By instantiating the PHPAnalyzer class defined in PHPAnalyzer.php, we can start the emulation of PHP code. Before running this code, we need to set up its environment. For instance, we need to tell the emulator which variables, functions, and APIs are symbolic. start($file) function within PHPAnalyzer takes a PHP file as input and starts executing it. PHPAnalyzer itself hands the control to emulator.php and also extends the OOEmulator class.

This class defines a start() method, which is the entry point to running new PHP files. The flow is "start($file) → run_file($file) → run_code($ast)". From here, "run_code()" takes an AST, iterates over its Nodes and calls "run_statement($node)" which is defined in emulator-statements.php.
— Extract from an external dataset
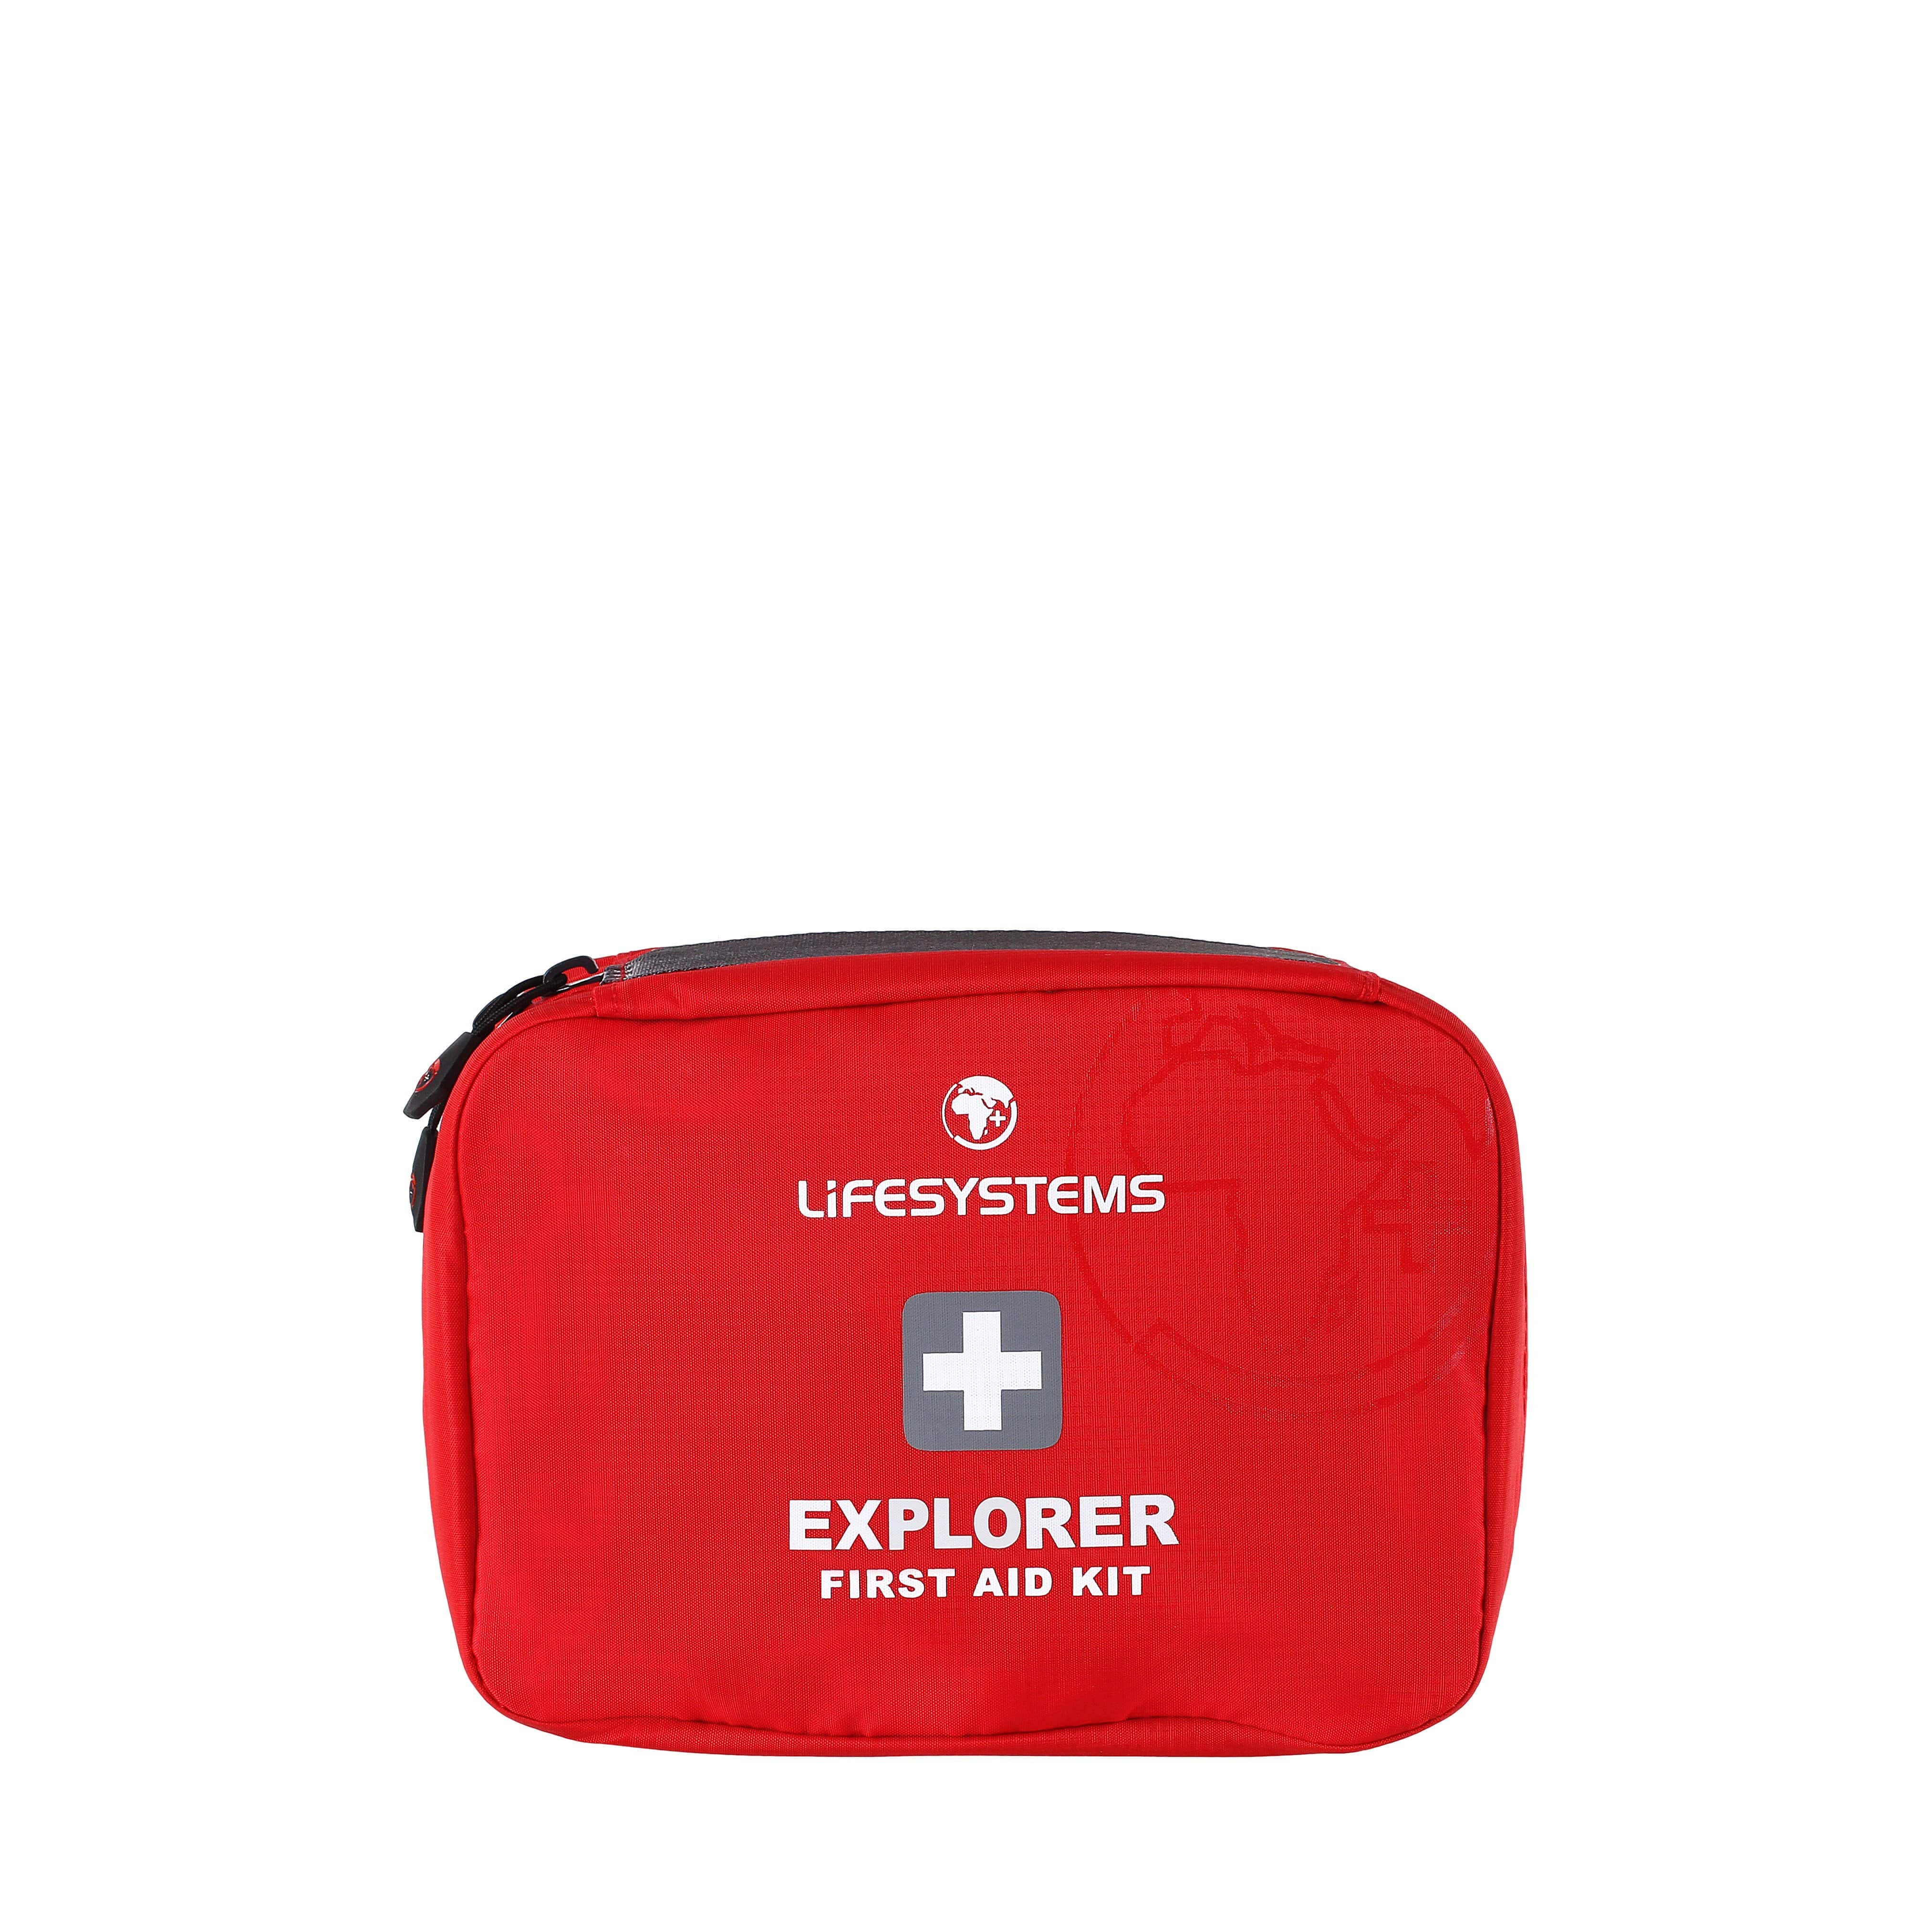 Life Systems Explorer First Aid Kit | LIFESYSTEMS | Portwest

As the name suggests, this "trait", which is added to the emulator itself, defines functions that deal with PHP statements. Statements are specific node types as defined by the PHP-Parser library. These are language constructs such as “If”, “Class”, “TryCatch”, etc. Sometimes, in order to emulate the outcome of these statements, we need to evaluate expressions. Handling expressions is performed by emulator-expression.php.

Expressions are a different type of node produced by the PHP-Parser. Expressions are the constructs that return something, in contrast, statements do not necessarily return a value after their execution. Some examples of PHP expressions are “and, or, cast, funcCall, etc.” For instance, to decide the outcome of an “if statement”, we need to evaluate the expression which is the condition of the if, and this is done by this file.
The general structure of most of these files are similar. There is a giant if/else or switch/case statement, which checks the Node type of the current node on the AST and applies the corresponding logic to it.
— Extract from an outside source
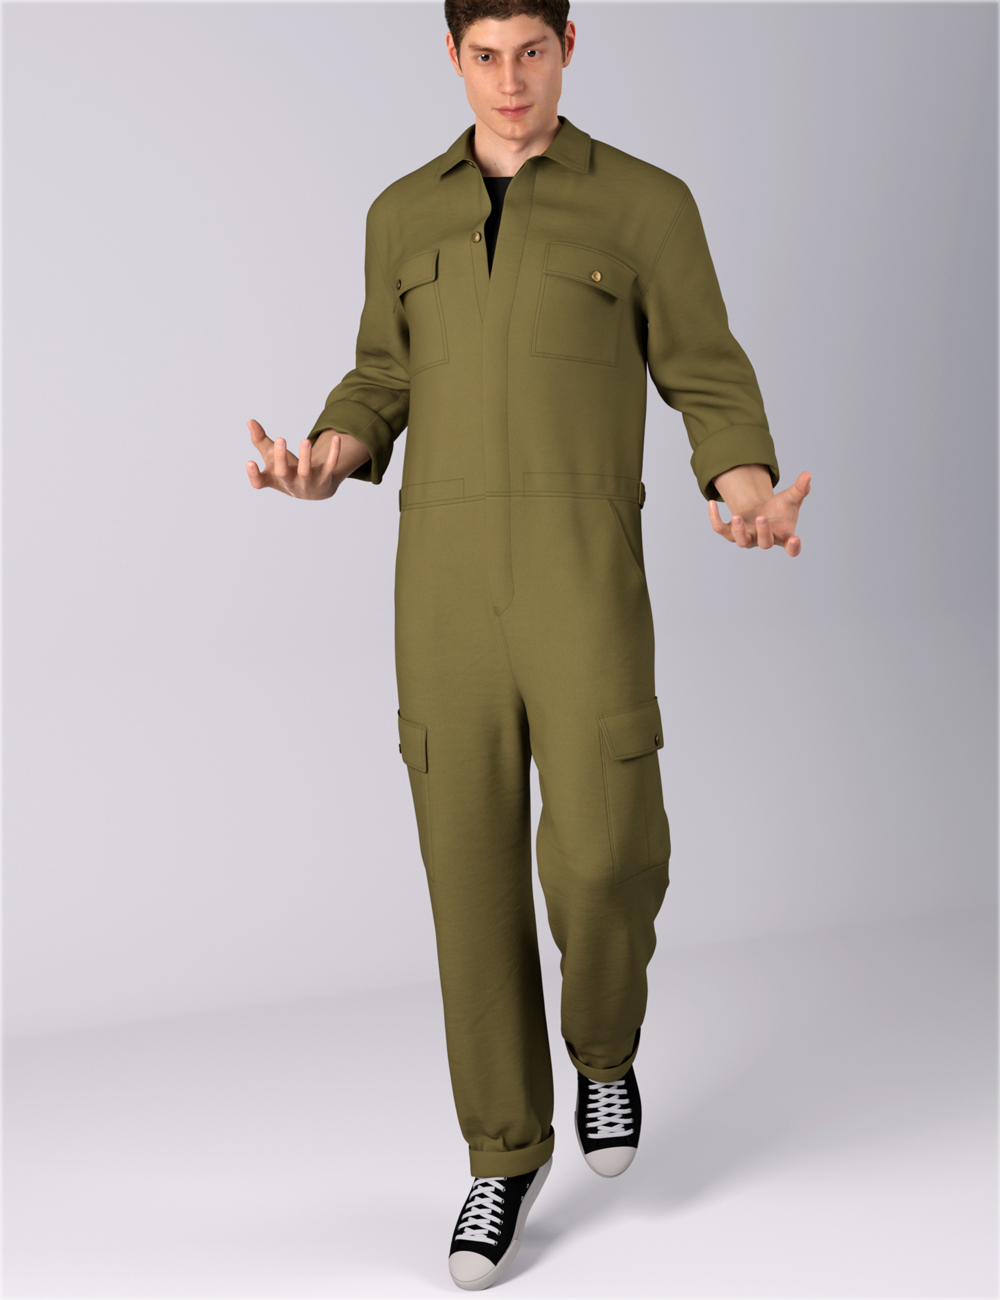 dForce HnC Loose Jumpsuit Outfit for Genesis 8.1 Males by: IH Kang, 3D Models by Daz 3D

For function call expressions, we hand the execution of the application to emulator-functions.php file. Resolving function arguments, the execution context and variable scopes and even resolving the function calls to their function body is performed here. Depending on the type of function call, we may end up calling different methods from this file. For instance, static calls or calls to builtin PHP functions are handled differently compared to normal function calls.
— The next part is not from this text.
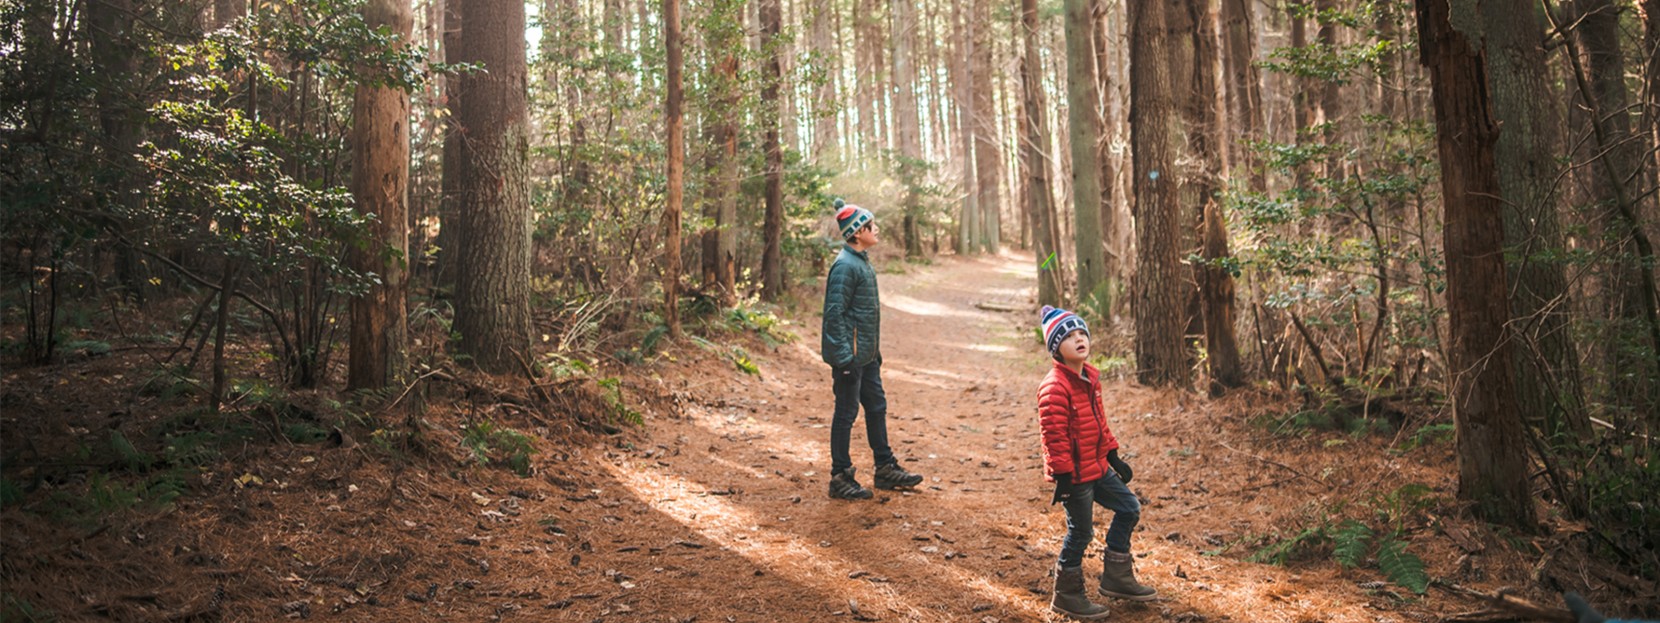 Two children on a pine needle-covered path in the woods, looking up into the trees.

This file interfaces the variable operations with the Symbol Table of the emulator. Setting or fetching variable values are some functions performed within this file. This file includes SymbolicVariable.php which adds the definition of SymbolicVariable type to MalMax.

This file is responsible for handling the active try/catch blocks and exception handling.

Object-oriented and class related operations such as "instantiating a new object" or "getting the parents of a class" and "calling class methods" are among the functions that are defined within this file.

Similar to emulation-functions.php, this file handles method calls (functions that are defined within classes).

In previous work, we used XDebug to record line level code coverage and remove any unused file/function to debloat PHP applications. In this project, the idea is to use an emulator to extract the executable paths within an application based on entry points. Ultimately, we plan to use the line coverage information to debloat the application. As a result, we include this module, which is called whenever a Node within the AST is being executed to log the starting and ending line numbers of each Node.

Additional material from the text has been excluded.